Catalan writer, professor, and literary critic (1963–2022)

Vicenç Pagès i Jordà (14 December 1963 – 27 August 2022) was a Catalan writer and literary critic. He was also a language and aesthetics professor at the Ramon Llull University. He published a dozen books, including novels, story collections, and essays. Among his many awards are the 1999 Documenta, the 2003 Sant Joan, the 2009 Crexells, the 2013 sant Jordi, and the 2014 Catalan National Cultural Prize.

==Works and recognition==
In 1989 he won the Barcelona's Biennal in the literature section, and the following year published his first book, the collection of stories Cercles d'infinites combinacions (Circles of infinite combinations). In 1991 he published the work Grandeses i misèries dels premis literaris (Greatness and misery of literary awards), with a thousand citations.

In 1995 appeared his most ambitious work, El món d'Horaci (Horaci's world), a novel that is halfway between fiction and creative essay. In 1997 he published his best-seller book, Carta a la reina d'Anglaterra (Letter to the England's Queen), that tells in a hundred pages thousand years of life of its main character.

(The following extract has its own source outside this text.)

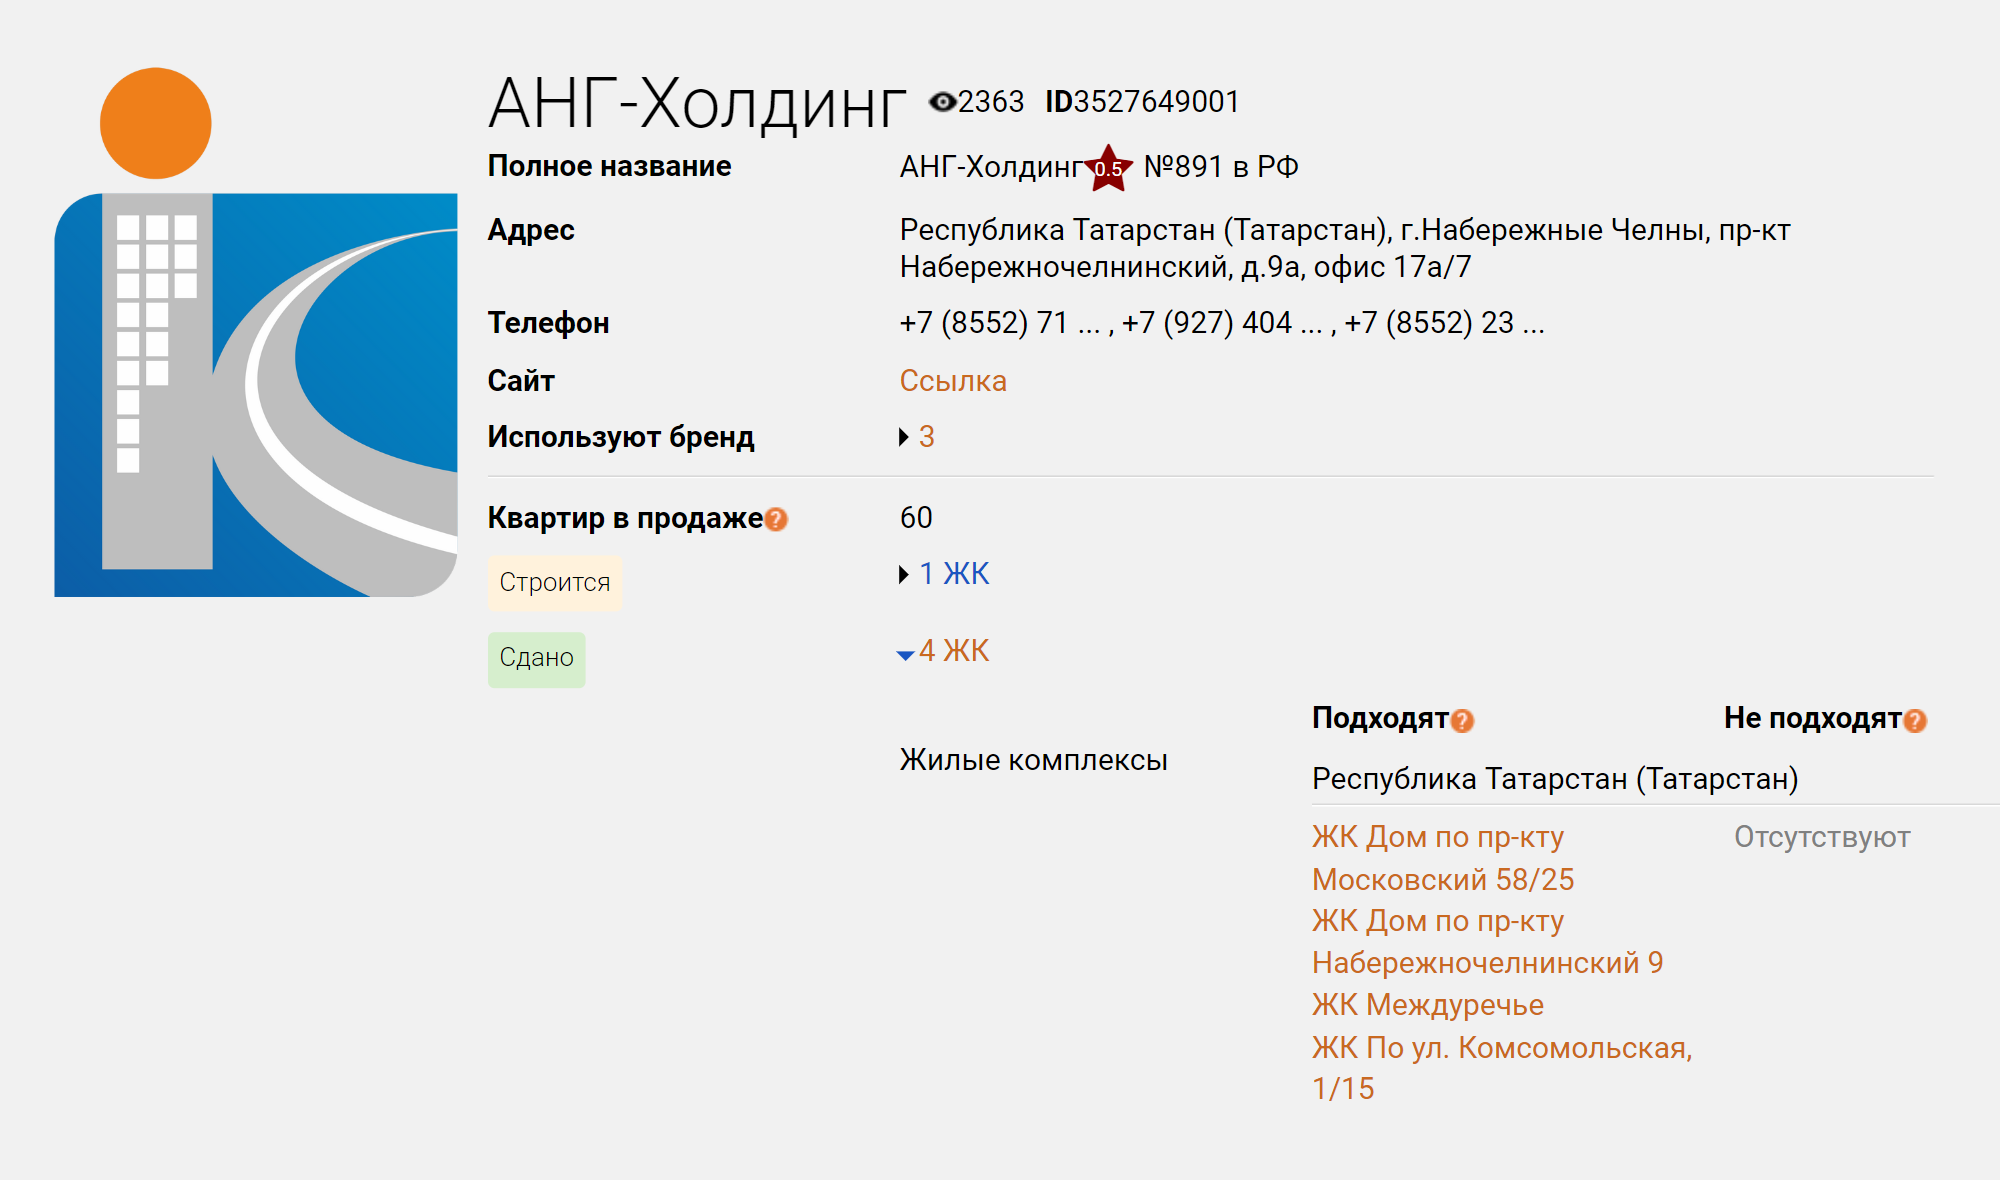 У этого застройщика из Татарстана указано, что он сдал четыре ЖК. Но каждый из этих домов строили разные компании, которые объединены под общим брендом «АНГ⁠-⁠Холдинг». Источник: erzrf.ru

This book is followed by Un tramvia anomenat text (A streetcar named text), an essay about writing the text as it considers an inseparable mixture of inspiration and craft, genius and power, magic and discipline.

En companyia de l'altre (in each other's company) (award Documenta 1998) marks the return to the story genre. In this occasion, the collection is unitary, since all the stories revolve around the issue of dual. It was followed by the novel La felicitat no és completa (The happiness is not complete), award Sant Joan of narrative 2003, the intermittent biography of a character without convictions. In 2004, the collection El poeta i altres contes obtained the award Premi Mercè Rodoreda, and was published the following year. In 2006 appeared De Robinson Crusoe a Peter Pan. Un cànon-de literatura juvenil. He won the award premi Creixells with the novel Els jugadors de Whist. From 2010 to 2011 he had a column in the newspaper Avui. In 2012 he published El llibre de l'any with the painter Joan Mateu Bagaria.

In 2013 he won premi Sant Jordi de novel·la for Dies de frontera, in 2014 he was awarded the National Literature Prize of the Generalitat of Catalonia and in 2015 he won the Maria Àngels Anglada Prize.

==Personal life and death==
Pagès died on 27 August 2022, at the age of 58.